BMW’s own breakdown and personal accident & travel cover used to be great, however they stopped the travel cover about 20 years ago, sadly
 
Simple, join the que and claim asylum. 😜
 
Following an accident or theft, your fully comprehensive motor policy may well step in to provide you with a vehicle, probably a hire car.

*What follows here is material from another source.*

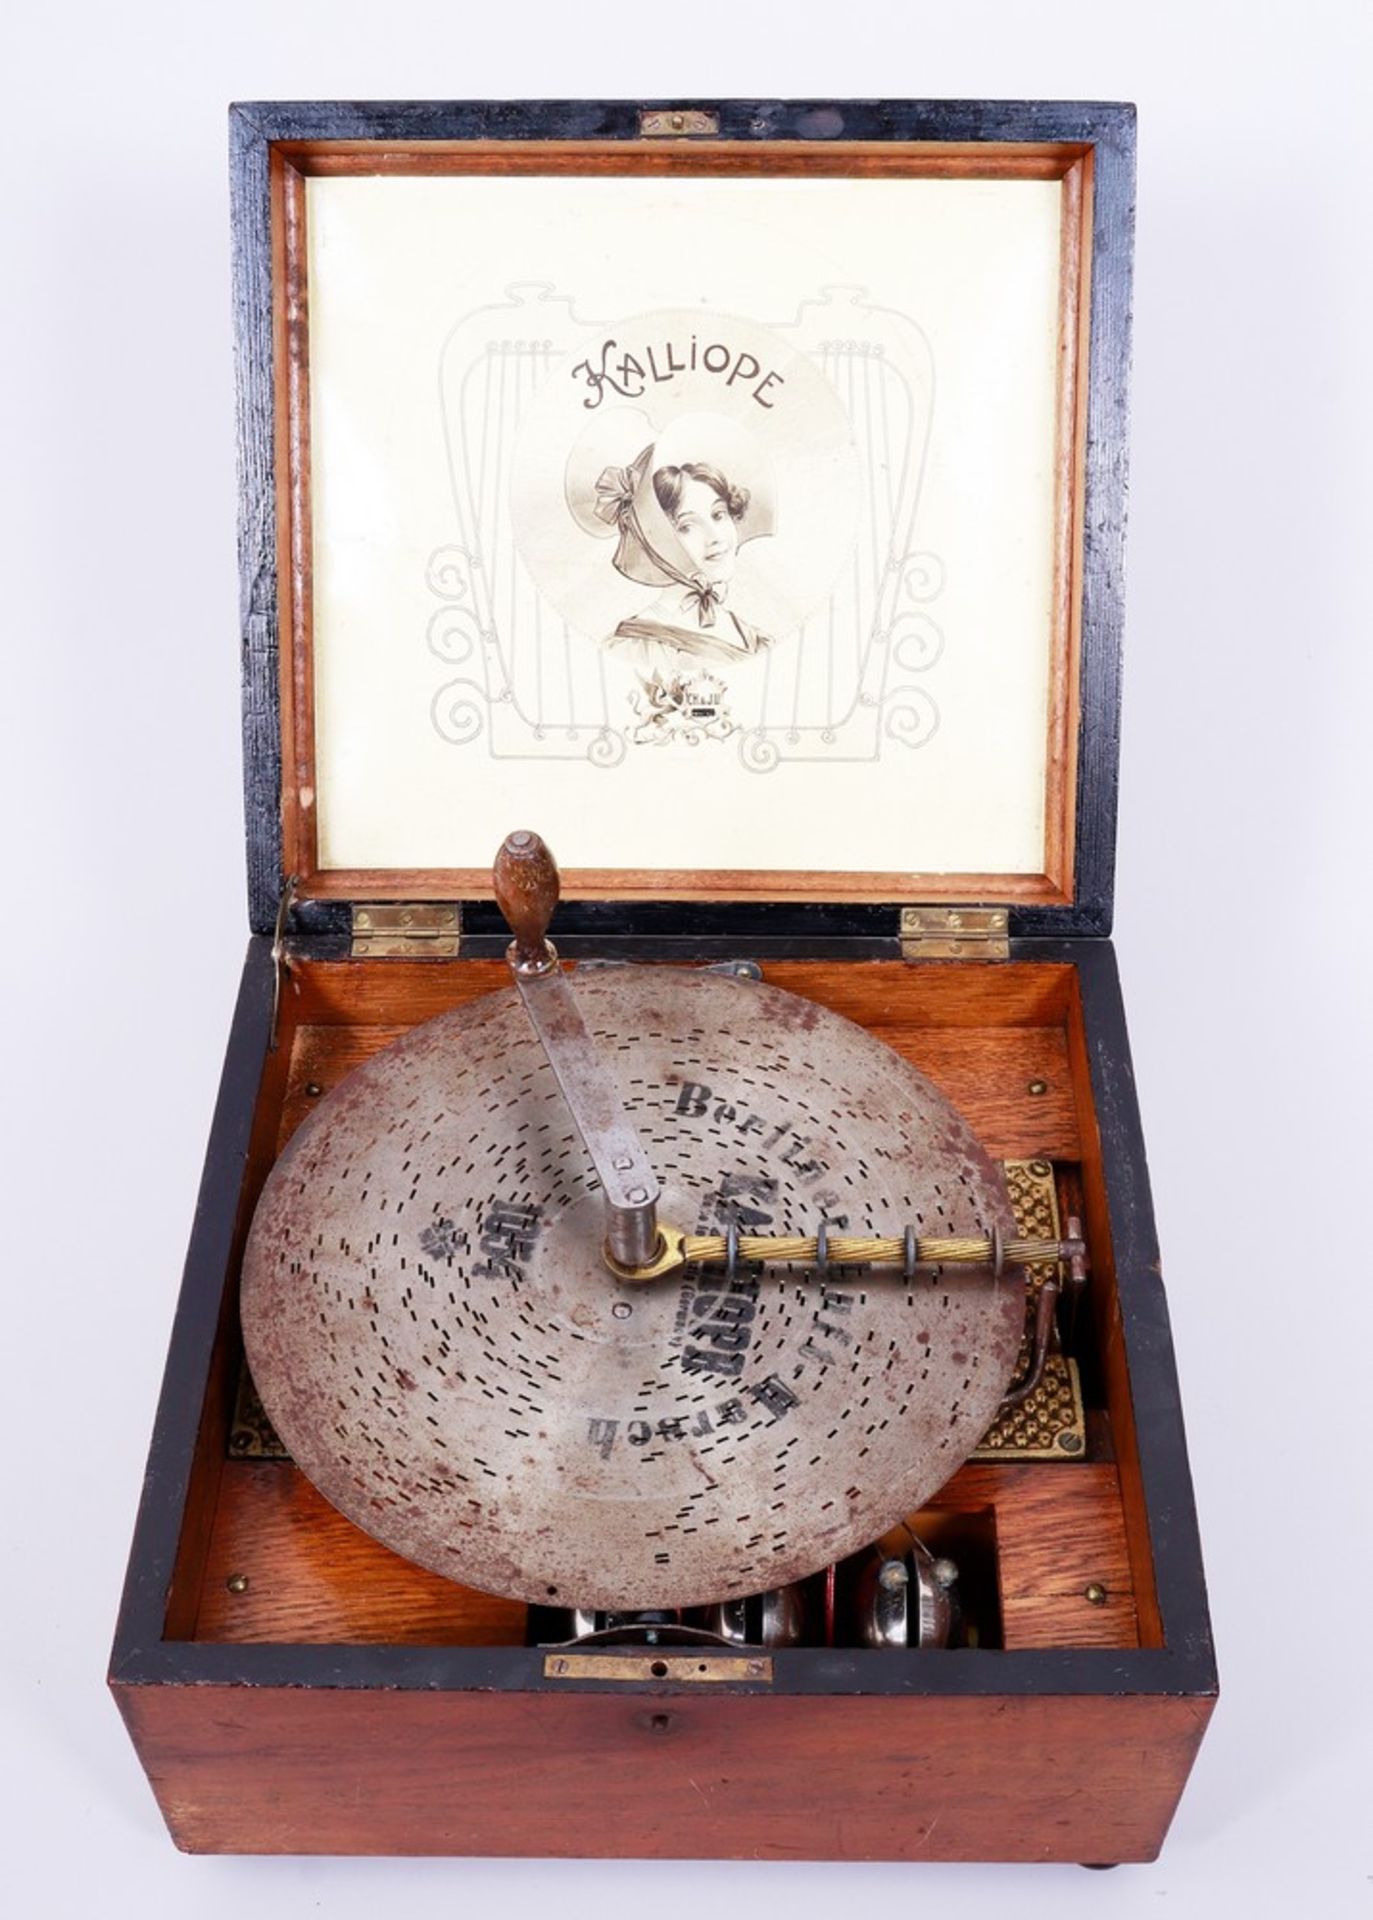 Music box with glockenspiel and perforated plates, Kalliope, Leipzig, c. 1900 - Image 2 of 5

That is what happened when I ‘flew’ my Pan European in SW France and buckled the front wheel. A French registered VW Golf Turbo Diesel was mine for two weeks in France, continuing my jaunt. This was handed back at Calais, where I borded the ferry. There was another hire car waiting for me at Dover, which I drove home to London and handed back on arrival.

I am confident the same would apply in say, Spain or Austria. Norway is perhaps a little different, as you’d probably not drive back.

I didn’t need to find out when I ruptured my Achilles in Holland. I just manned-up, rode my 1600 to the overnight ferry to Harwich and then into London in the rush hour. My only problem (other than it bloody hurting each time I put my right foot down) was my inability to drive my car away from the garage door…. cars don’t go if your right foot is no longer ‘connected’ to your right leg, as you can’t push the accelerator. Thank God for Polish workmen…. My consultant was, as best, ‘surprised’ as to how I got home.
We need a new thread starting, “Wapping’ Pan European Flight” to enlighten us about that jaunt in more detail.